Keywords: asthma, drug tolerability, FDA, leukotriene inhibitors, montelukast, risk communication
INTRODUCTION
During the last decade, there has been increasing recognition of the potential for certain prescription medications to increase the risk of psychiatric symptoms and suicidality.1 Primarily on the basis of spontaneous adverse drug event reports (eg, via the MedWatch system), the US Food and Drug Administration (FDA) has issued communications and warnings about psychiatric symptoms and suicidality for whole classes of medications. These warnings initially included selective serotonin receptor inhibitors and were later expanded to all antidepressants, antiepileptic drugs, the smoking-cessation drug varenicline,2 and leukotriene inhibitors (LTIs).

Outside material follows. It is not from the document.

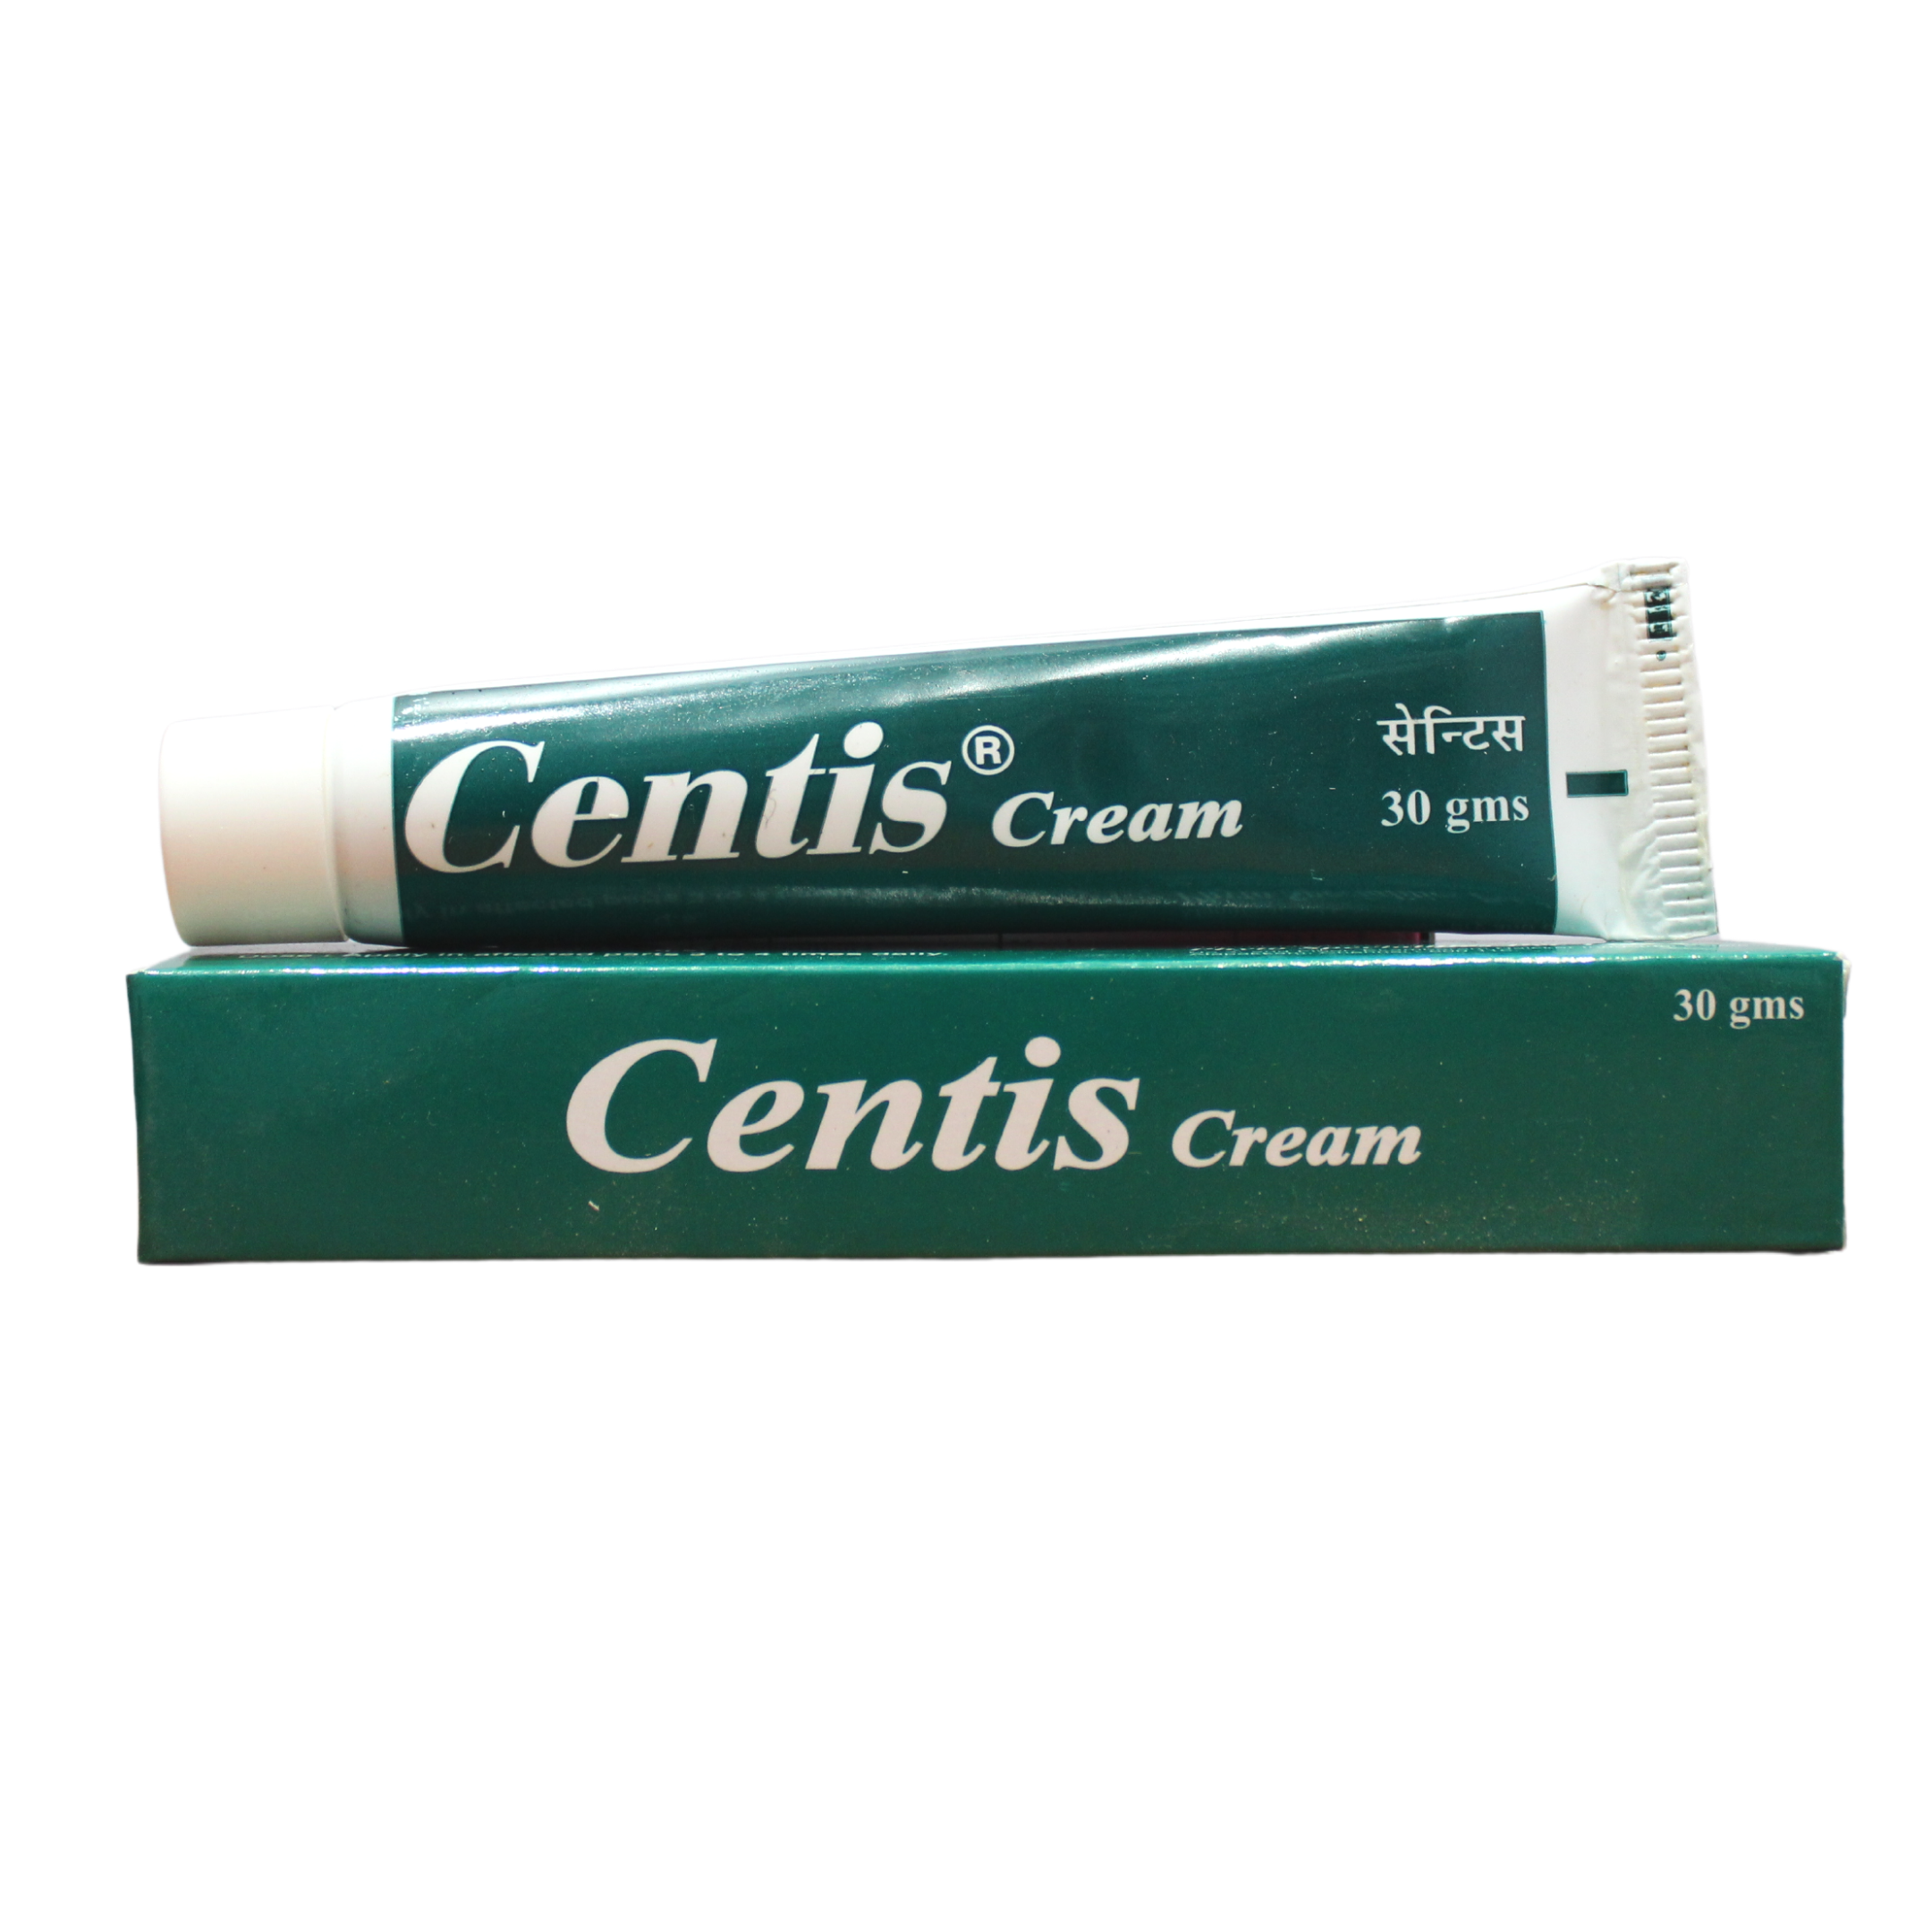 Shop Centis cream 30gm at price 165.00 from Centis Online - Ayush Care

LTIs include montelukast, zafirlukast, and zileuton in the United States and are the second most commonly used controller medications for asthma after inhaled corticosteroids. LTIs are also used for seasonal allergies. The FDA first issued alerts in March 20083 and reviewed postmarketing reports of patients taking LTIs and clinical trial data submitted by manufacturers. Most reported neuropsychiatric adverse events were associated with montelukast. Although these data do not suggest that LTIs are associated with suicidality, these clinical trials were not designed specifically to examine neuropsychiatric events.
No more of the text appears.